FHFA proposal could end up costing borrowers -- report

by Ryan Smith27 Aug 2014
Proposed new requirements for private mortgage insurers could jack up mortgage costs for thousands of homeowners, according to a new report.

The Federal Housing Finance Agency is drafting new requirements for mortgage insurers who want to do business with Fannie Mae and Freddie Mac, according to a Wall Street Journal report. Currently, borrowers who make down payments of less than 20% are generally required to purchase mortgage insurance from either private companies or the Federal Housing Administration. The FHFA’s new regulations would require that private insurers have the ability to pay claims if loans go bad.

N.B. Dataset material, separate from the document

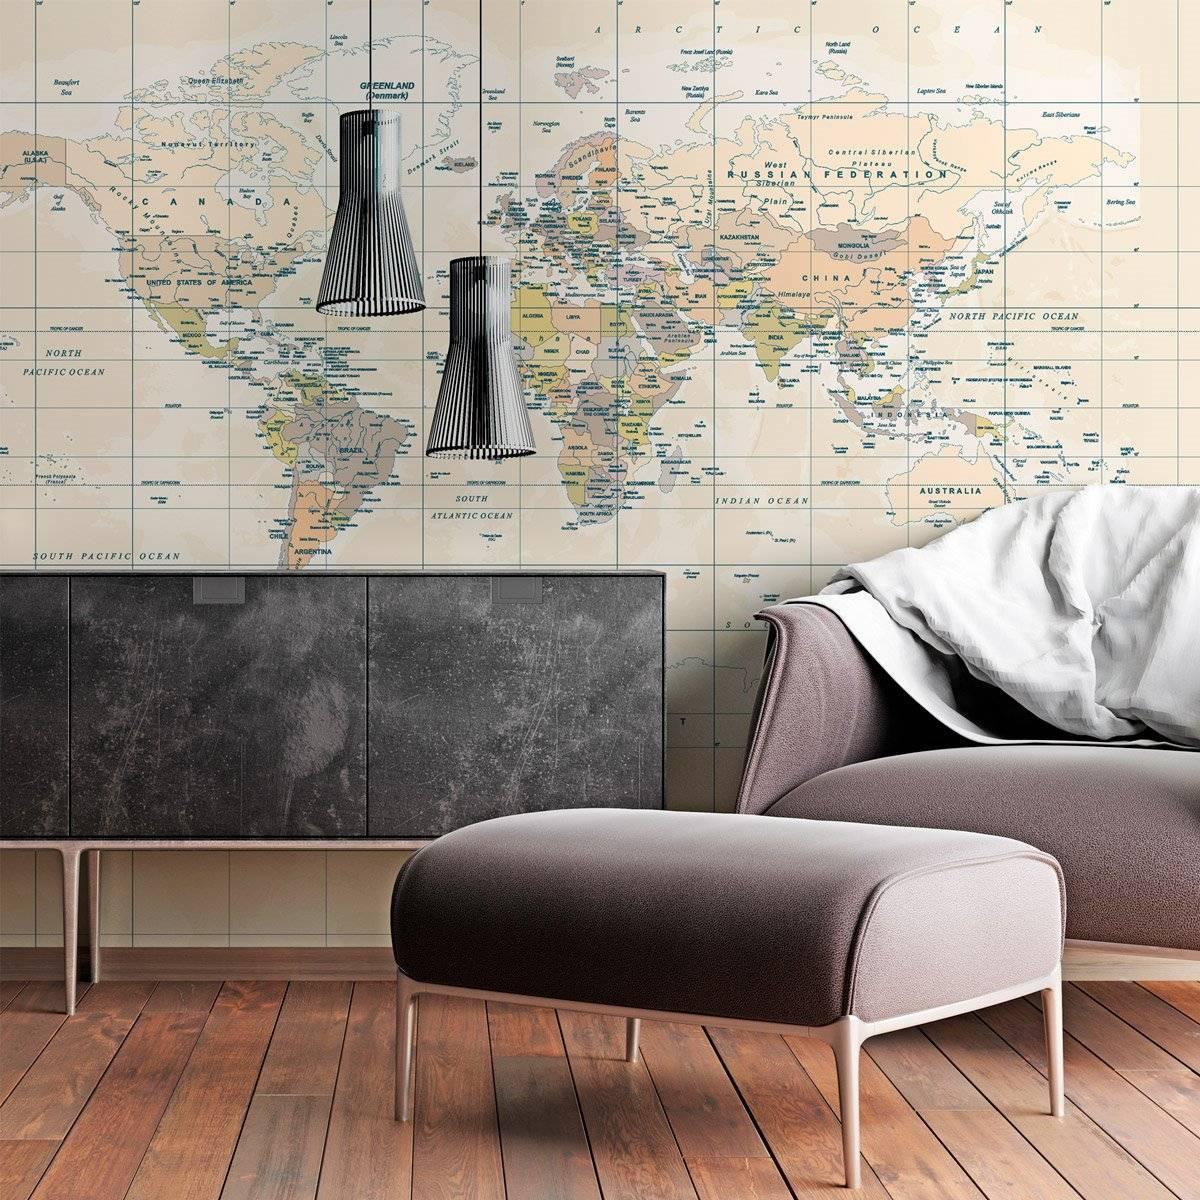 Papel de Parede Mapa Mundi Vintage | Painel Fotográfico m² imagem 1

But many mortgage insurance companies say the proposal would force them to raise premiums, according to the Journal. And a new report by Moody’s Analytics and the Urban Institute said the new rules would force the average borrower to pay an extra 0.15 percentage point.

While the report agreed with the overall thrust of the new rules, it said some of the requirements would overburden private insurers.

“A thoughtful effort, these standards should succeed in ensuring that private mortgage insurers are strong counterparties to the government-sponsored enterprises and a much improved bulwark against excessive risk in the system,” the report stated. “Several features of the rules as currently written, however, would likely unnecessarily increase costs and cyclicality in the mortgage and housing markets. With a few modest changes, these flaws can be remedied without sacrificing the considerable benefits of the new standards.”